**Your assignment**
Repeat, line for line, only the span that opens at the "Capa curso UNIAPAE-SP" line and closes at the final line below. Skip the pictures.

**Dataset extract**
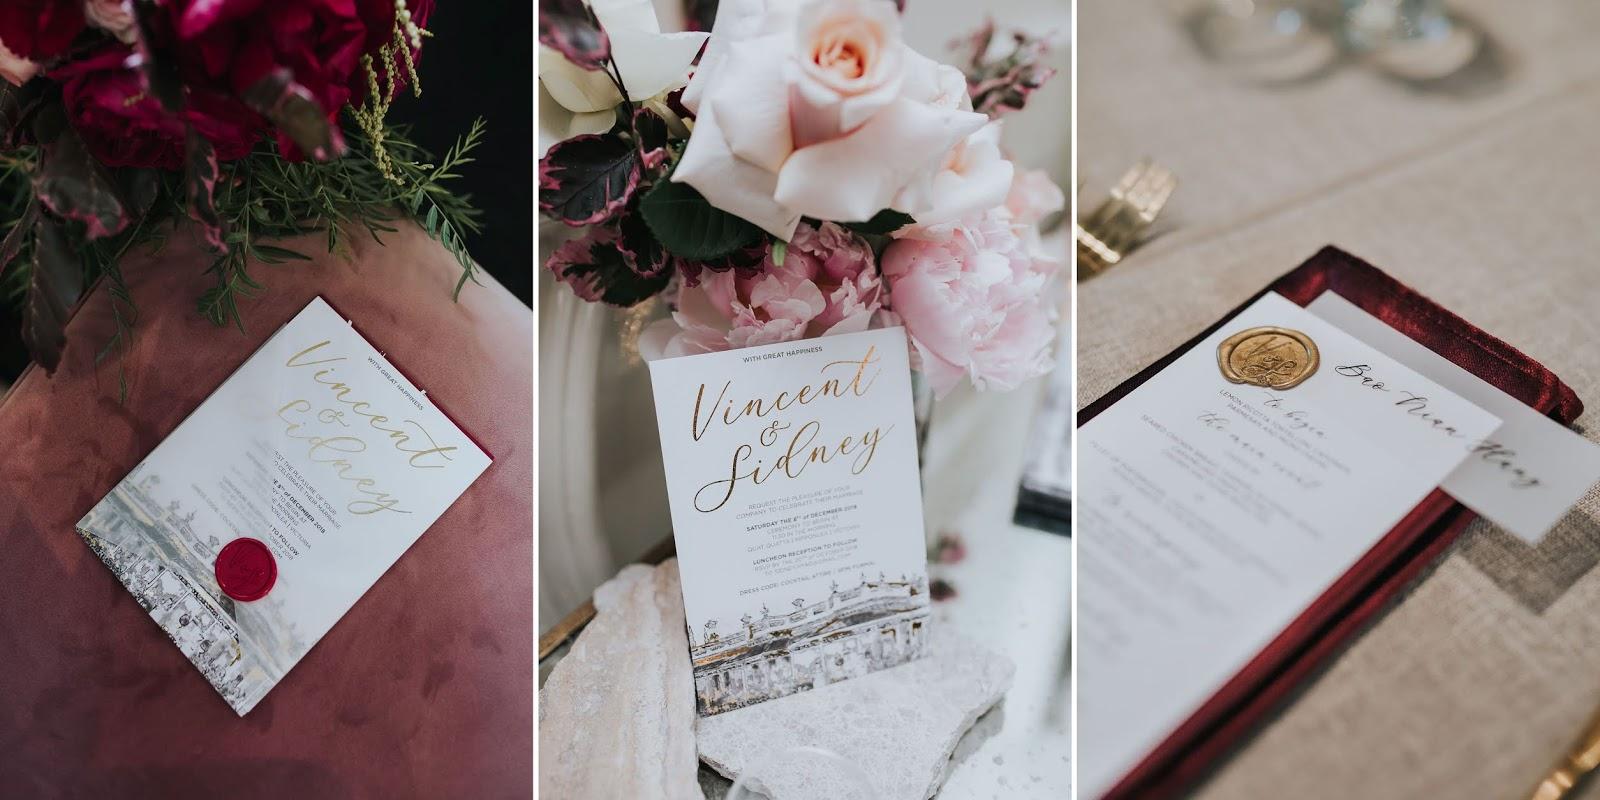 Designing Our Wedding Invitation
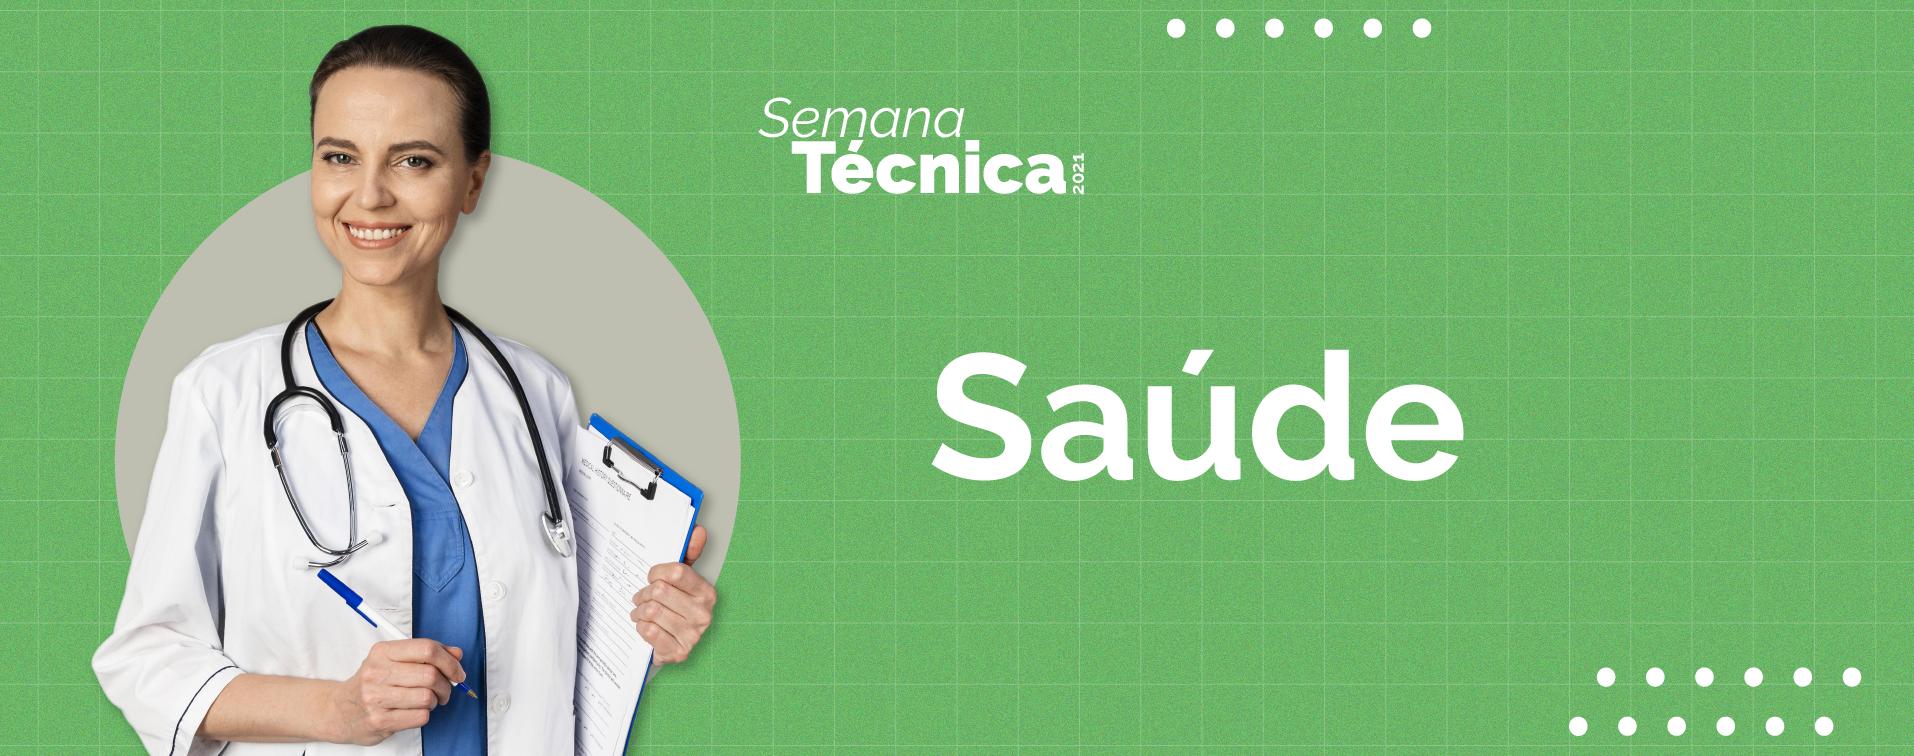 Capa curso UNIAPAE-SP - Semana Técnica - Saúde_Prancheta 1
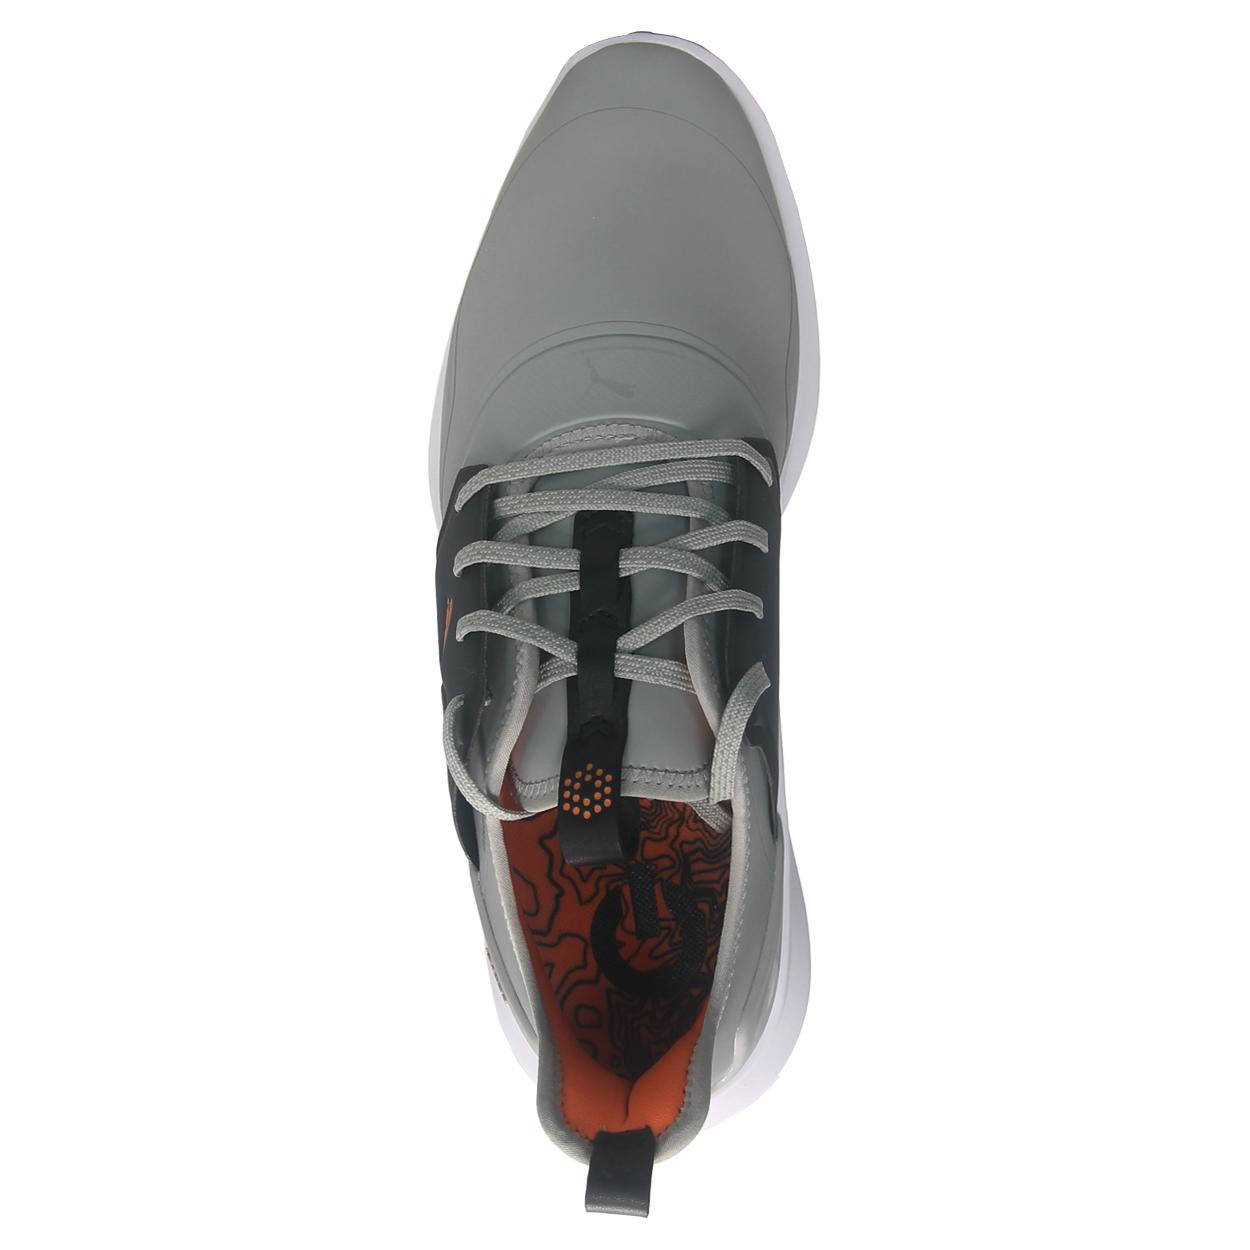 Puma Men S Ignite Nxt Pro Spikeless Waterproof Golf Shoe Brand New Ebay

**Solution below**
 Capa curso UNIAPAE-SP - Semana Técnica - Saúde_Prancheta 1
 Puma Men S Ignite Nxt Pro Spikeless Waterproof Golf Shoe Brand New Ebay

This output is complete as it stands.